2. DEUX HOMMES TACITURNES : Facilité et difficulté à s'exprimer

Erwin et Livaï ont tous deux des difficultés à s'exprimer, mais de manière différente.

Livaï n'a pas reçu d'éducation digne de ce nom. Il a également eu un modèle en matière d'expression dont on peut être sûr, c'est Kenny. En ce qui concerne sa mère, elle lui a peut-être appris les bases de la lecture et de l'écriture, mais Livaï a sûrement dû peaufiner cela tout seul.


Kenny est un homme qui jure souvent. Livaï est à peu près pareil. Il a dû apprendre à exprimer ce qu'il ressent de manière franche, bien qu'avec maladresse. Sa façon de rabrouer les gens, parfois en étant dur ou grossier, est sans doute la seule manière d'interagir de façon optimale dans les bas-fonds. C'est un endroit dur et dangereux, où il faut savoir se faire respecter, montrer qu'on a de la répartie et pas froid aux yeux. Ceux qui font montre de trop de tendresse ou d'émotion se font vite tuer. Mais Livaï est un être double (tout comme Erwin) : il y a en lui un fond de bonté indéfectible, peut-être hérité de sa mère.

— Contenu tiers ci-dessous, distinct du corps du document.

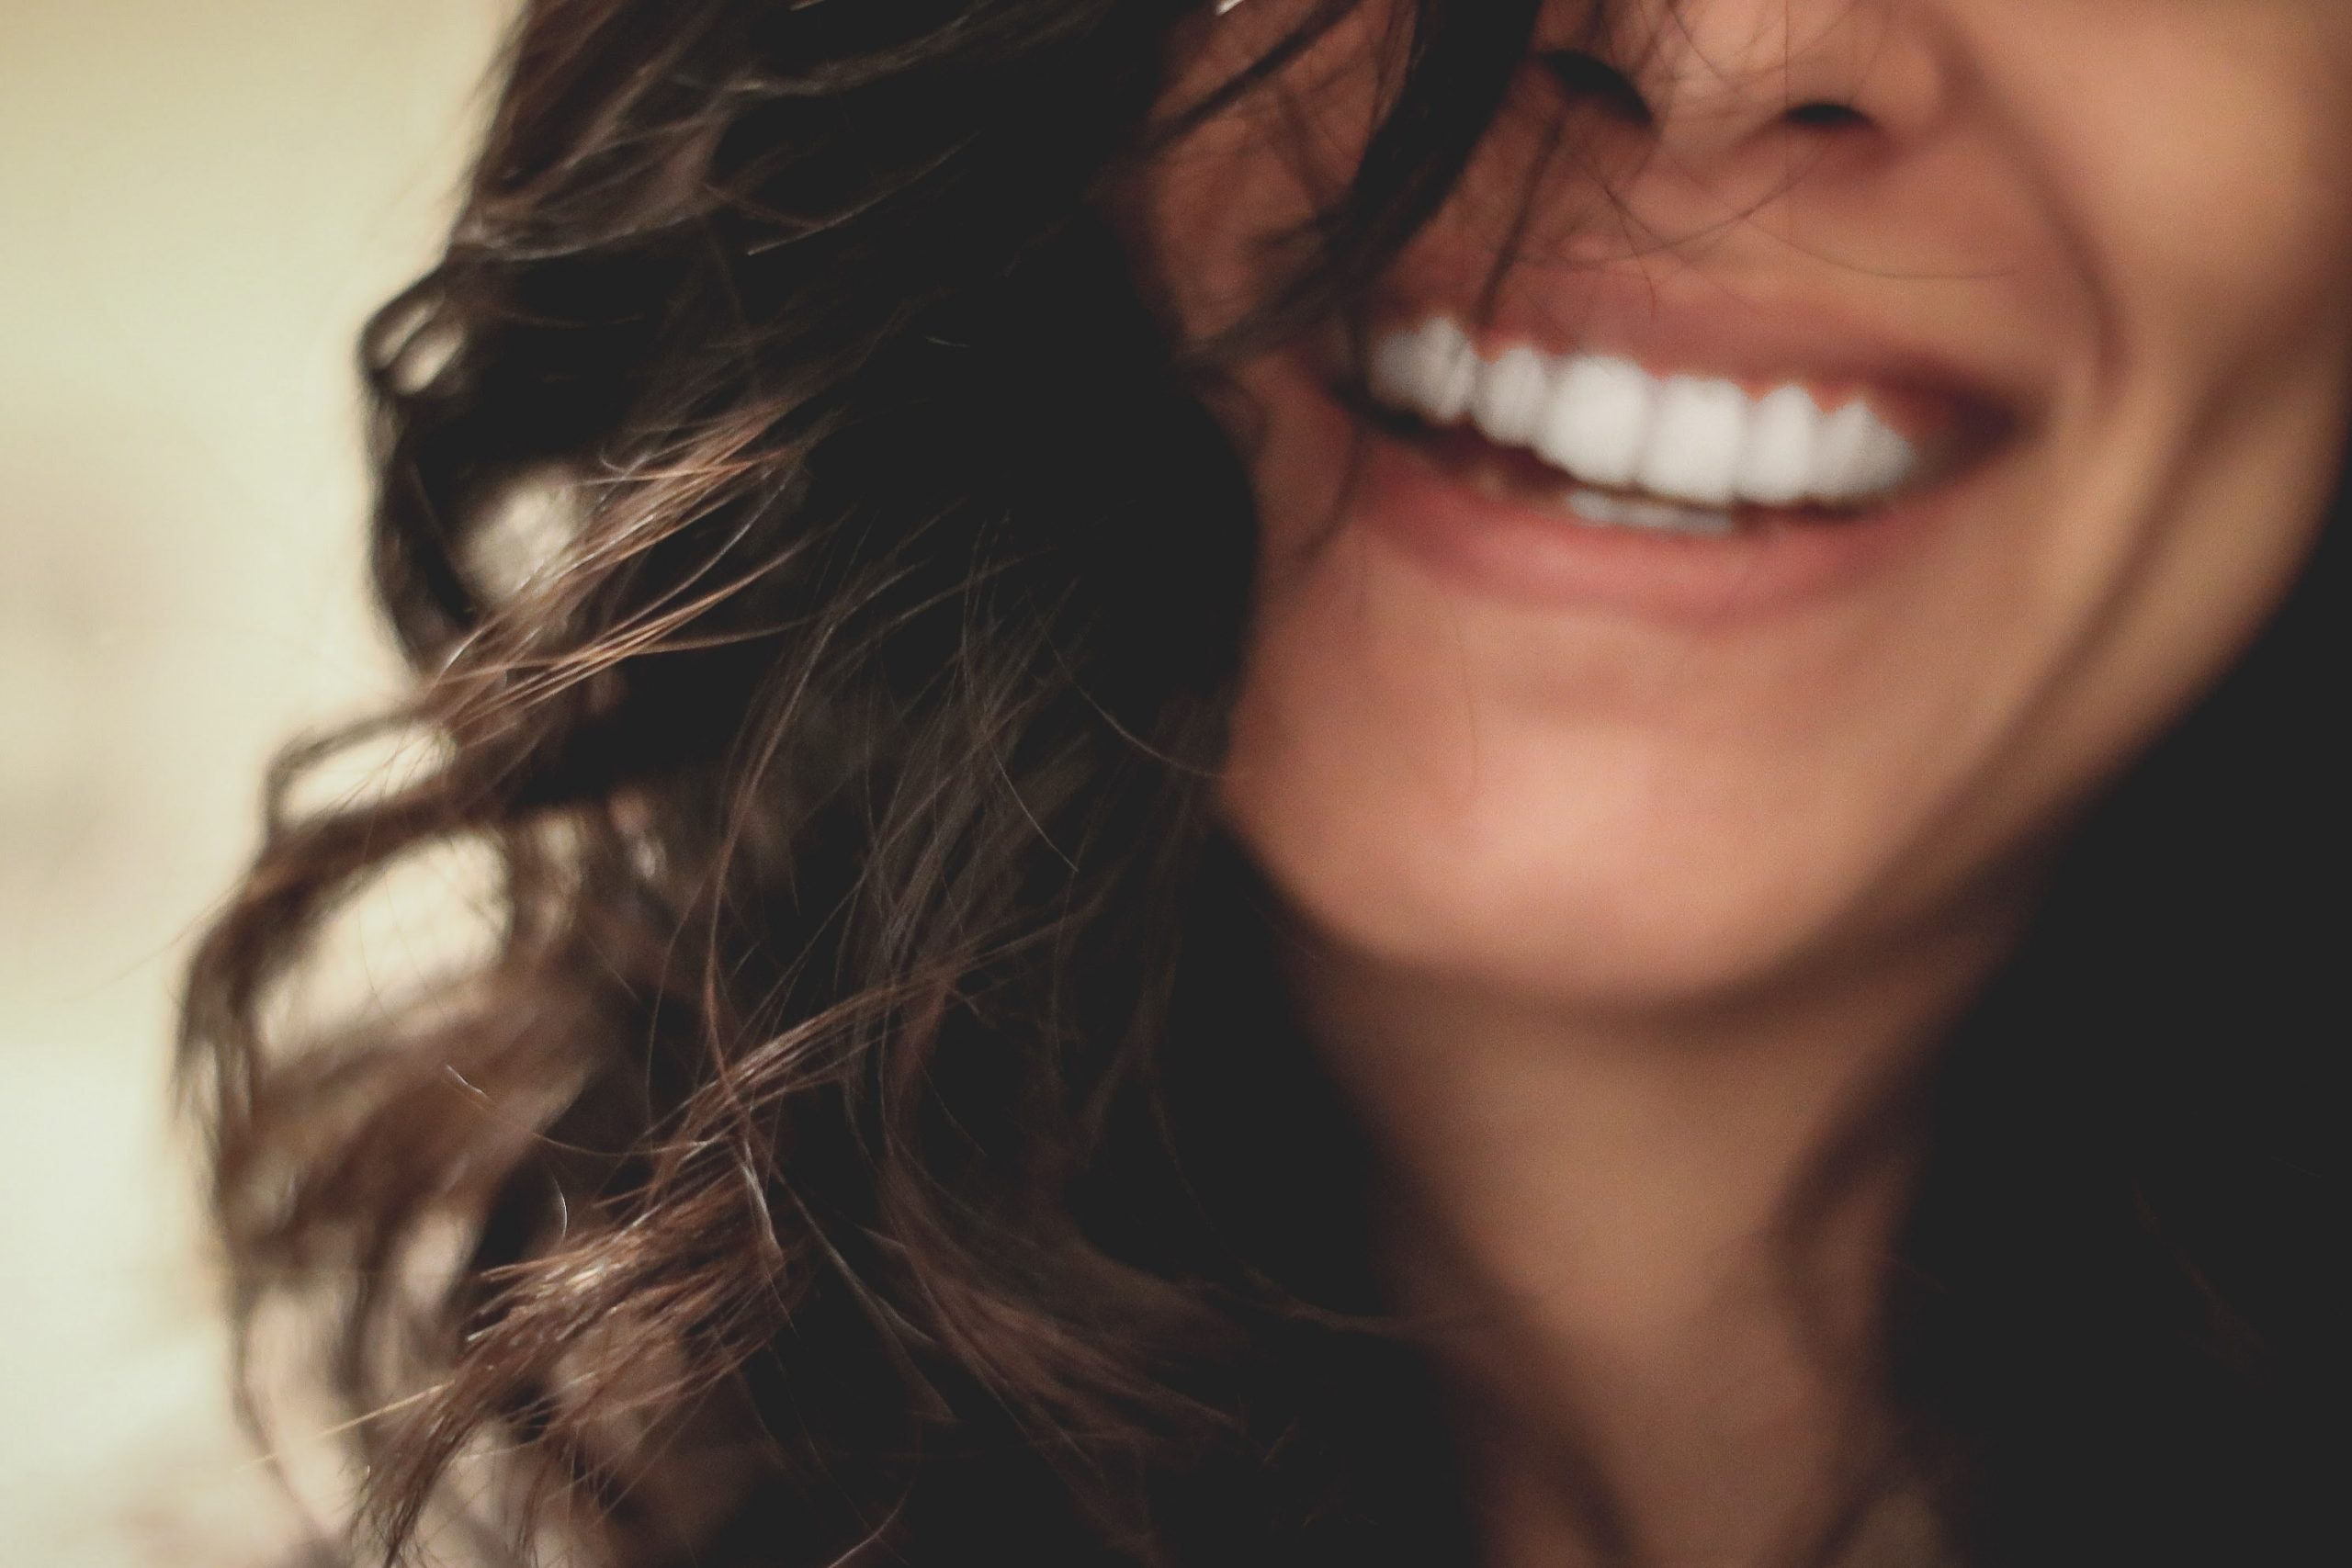 chica con dentadura limpia

Cela donne donc souvent un mélange détonnant d'effronterie, de grossièreté et de bienveillance. Livaï ne s'embarrasse pas de chichi, quand il a un truc à dire, il le dit, quitte à en rajouter un peu pour faire bouger les choses et les gens.


Mais c'est aussi un homme réservé. En vivant dans une atmosphère de danger constant, sous terre ou en expédition, il a développé une propension à éviter de s'attacher aux autres. C'est un réflexe de survie, dans un environnement où la mort peut-être rapide (Answers, page 168). Ce qui prouve que Livaï n'est pas si dur à cuire que ça, sinon il n'aurait aucun problème pour nouer des liens. Le fait est qu'il en a peu. Kenny a été important pour lui, c'est sûr, ainsi que sa mère ; Isabel et Furlan ont aussi compté dans sa vie. Les membres du bataillon d'exploration aussi, particulièrement Erwin dont il semble le plus proche. Mais finalement, au cours d'une vie, cela reste peu, plus que pour certains d'entre nous peut-être, mais peu tout de même quand on constate le nombre important de personnes qui ont croisé sa route. Il semble dresser une barrière constante entre lui et les autres qui empêche de cerner tout à fait quel genre de personne il est.

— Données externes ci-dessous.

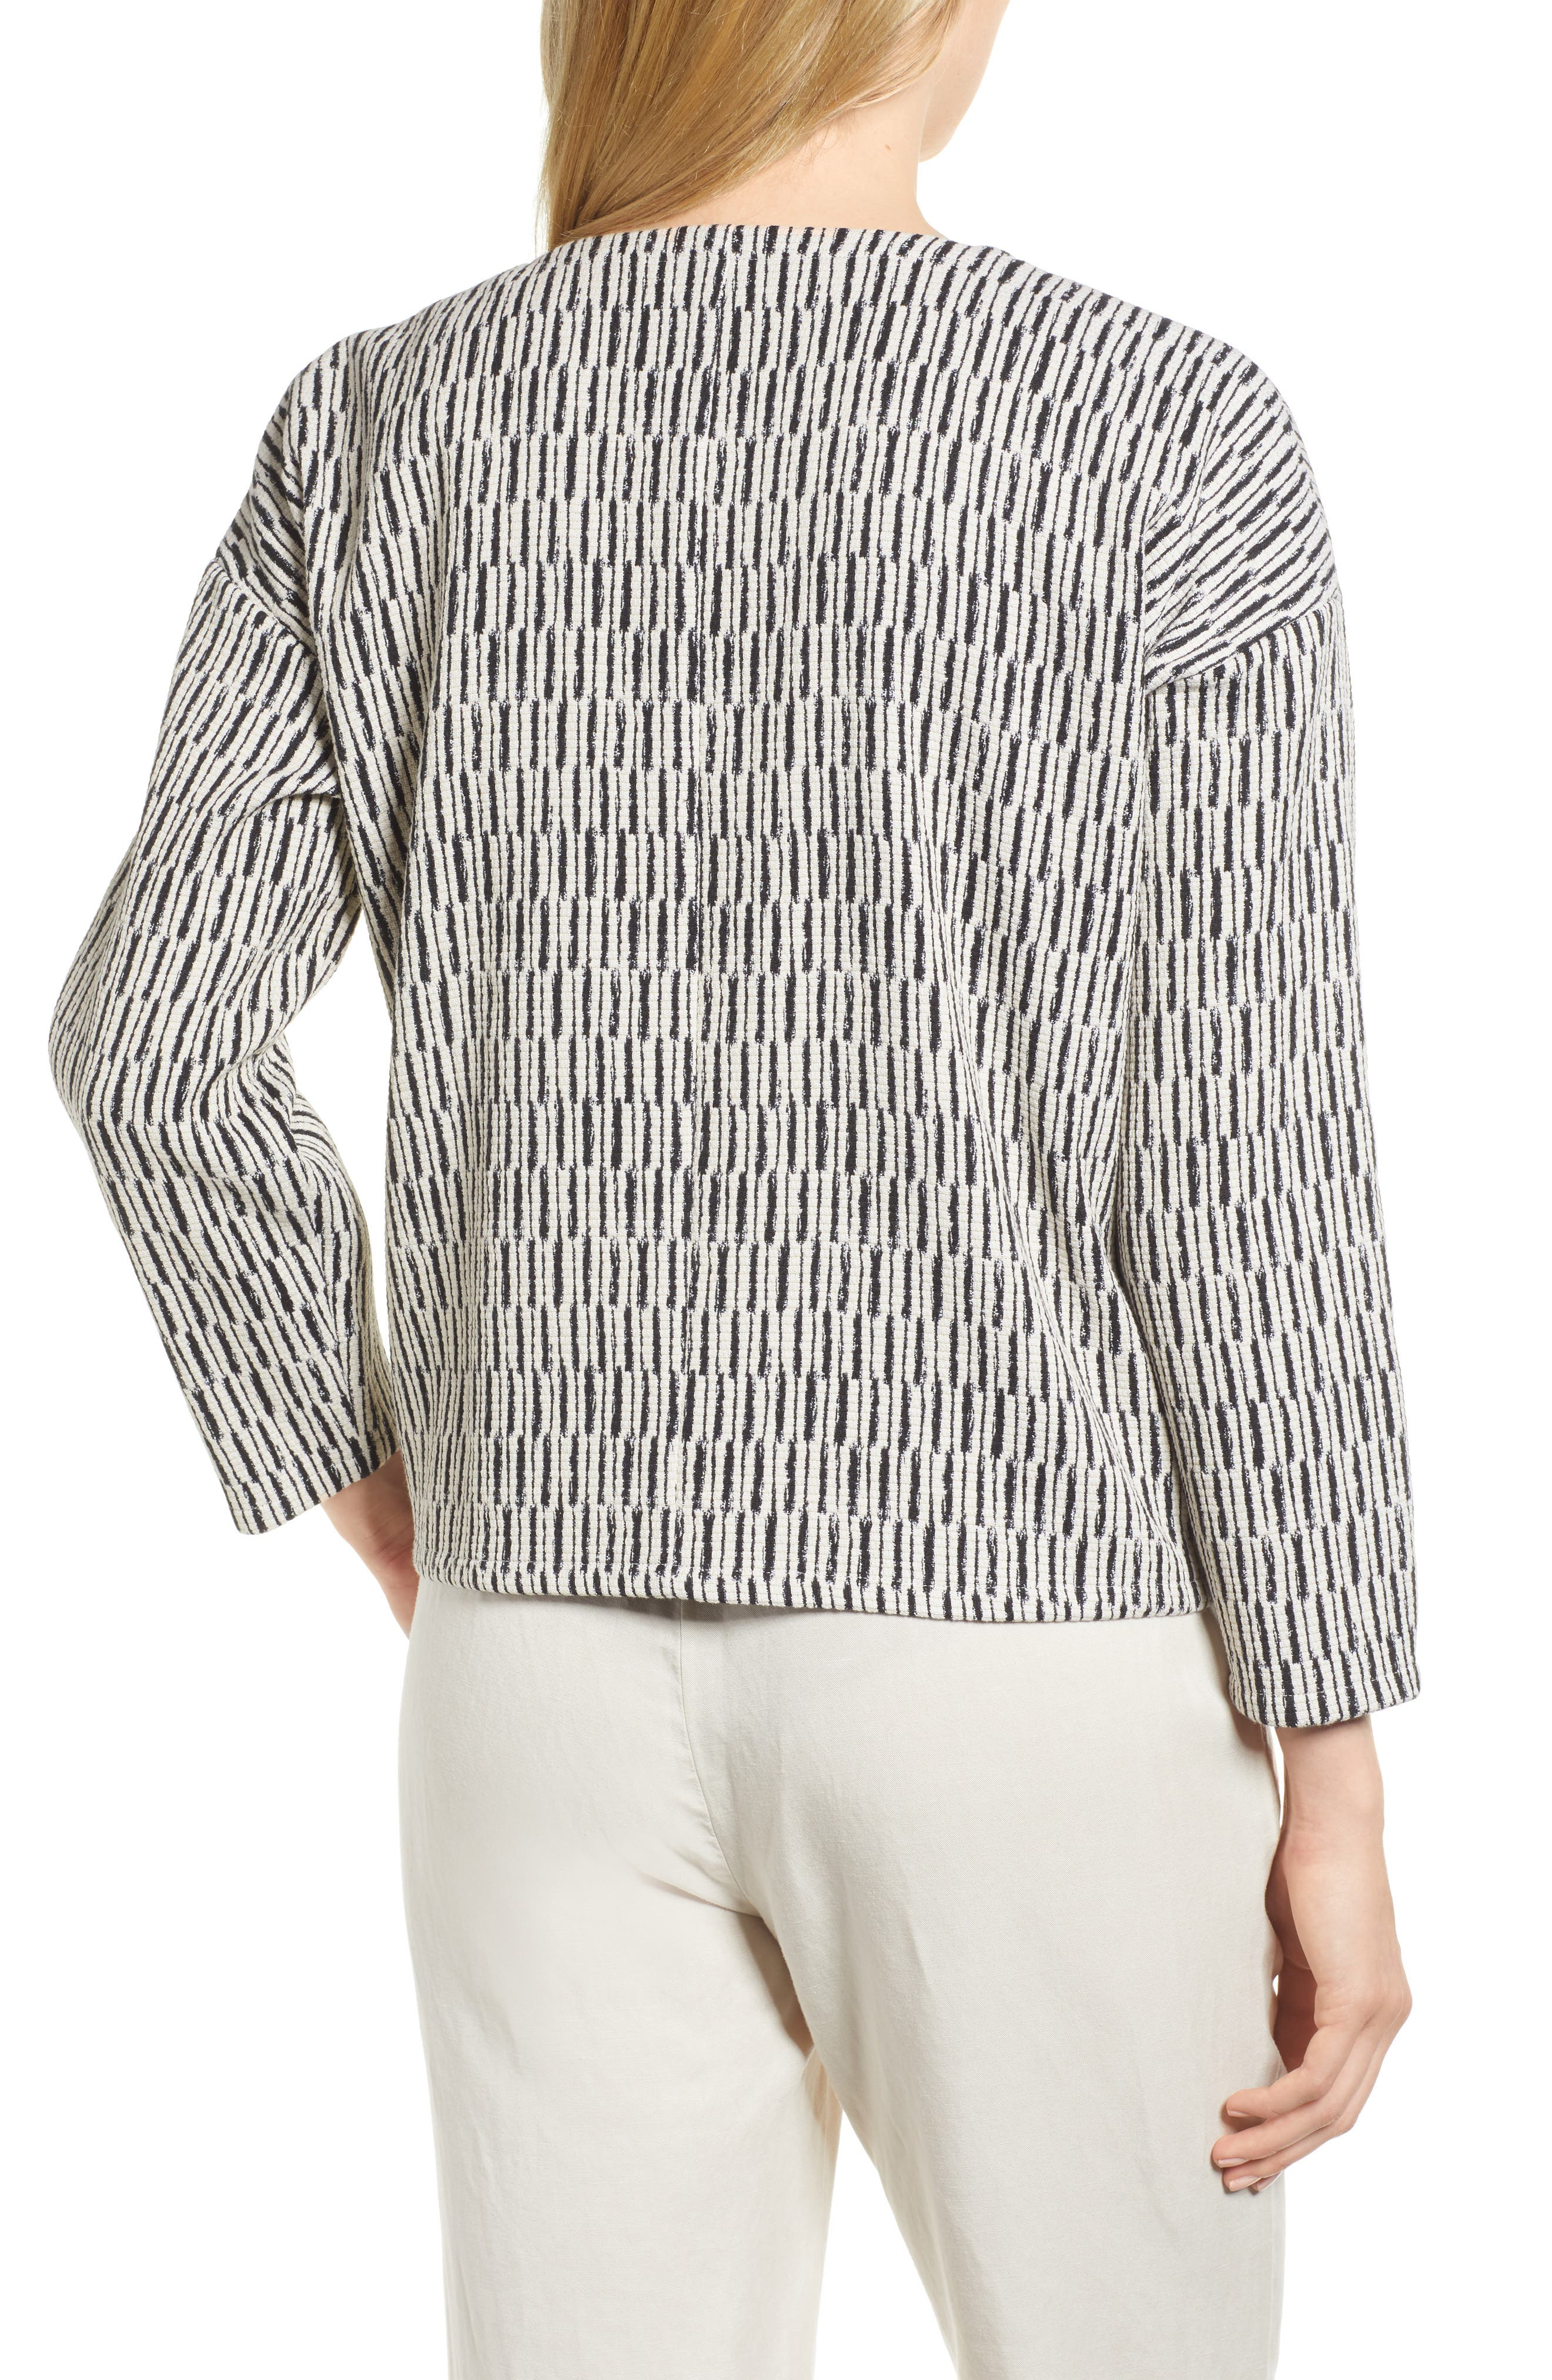 Tweed Jacket,                             Alternate thumbnail 2, color,                             Black/ White

Il est difficile d'appréhender sa personnalité dans son entier, car il est un noeud de contradictions. Capable de violence, de sautes d'humeur mais aussi attentif à ce que les autres se portent bien, il n'attache pas grande importance à ce qu'on pense de lui. La plupart des gens le voient surtout comme quelqu'un de froid et d'indifférent, seuls ceux qui le connaissent bien peuvent parler de son côté chaleureux.

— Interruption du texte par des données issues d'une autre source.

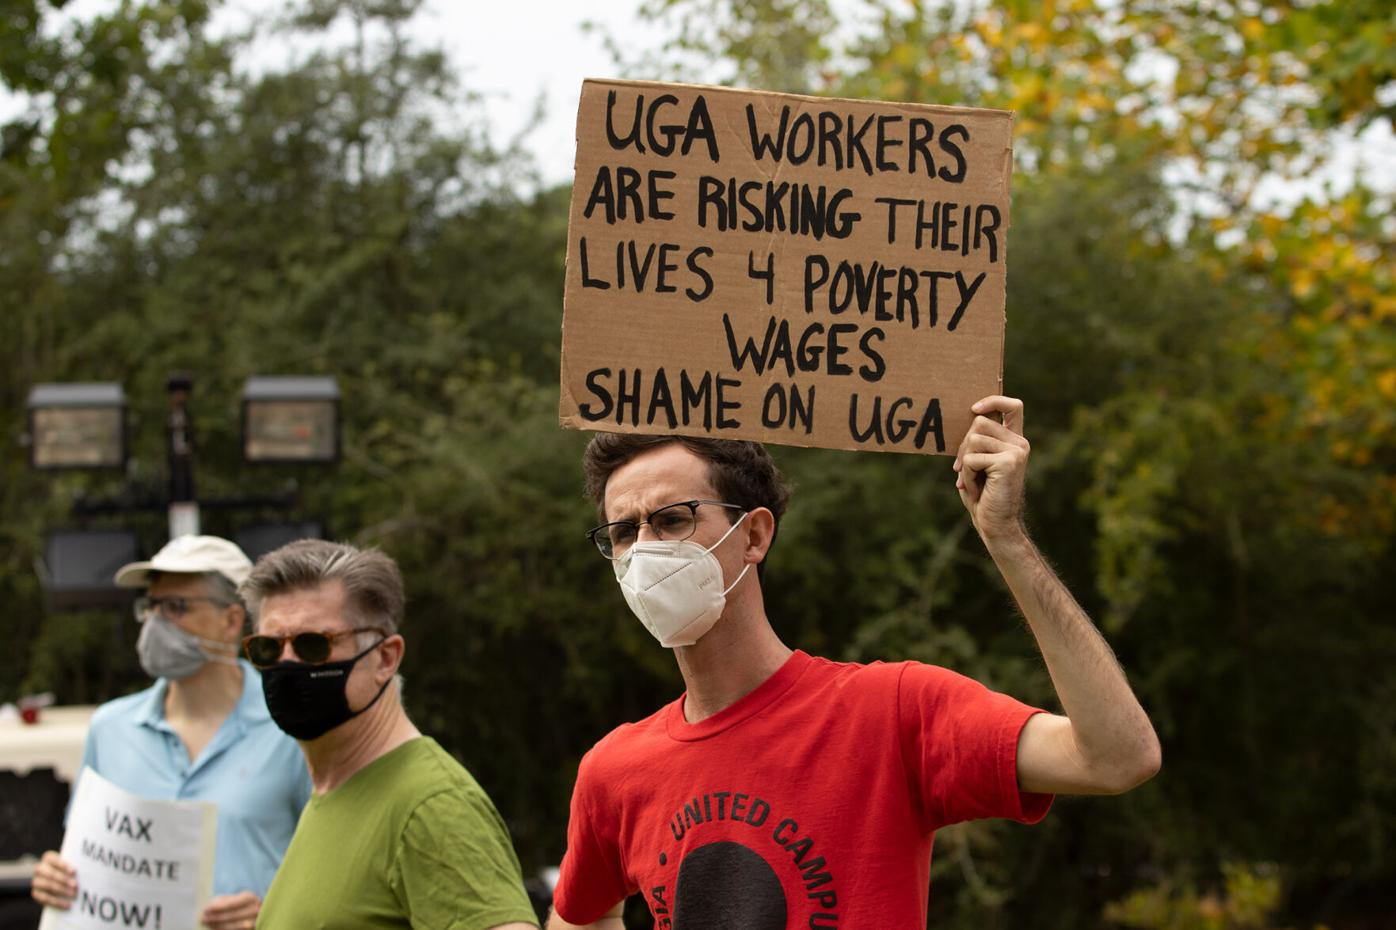 210915_JMW_9_15maskprotest_007.jpg

Livaï admet lui-même avoir du mal à s'exprimer par les mots. Il ne sait pas raconter sans se perdre dans des détails sans rapport. Livaï préfère laisser Erwin gérer tout ce qui a trait au discours, car il le sait meilleur à cet exercice. Mais de même, il lui est difficile d'exprimer ses émotions fortes avec des mots. Isayama insiste beaucoup sur les expressions faciales et les attitudes de Livaï pour indiquer comment il se sent. Quand il découvre son escouade décimée, les mots sont inutiles ; Isayama nous montre seulement son visage. De même durant le drama sur le toit avec le sérum, pas moins d'une vingtaine de close ups nous montrent les expressions faciales de Livaï qui en disent plus sur lui que n'importe quel texte. Sa tête est un chaos et il est déboussolé, ne sait plus quoi faire, entre son devoir et son coeur.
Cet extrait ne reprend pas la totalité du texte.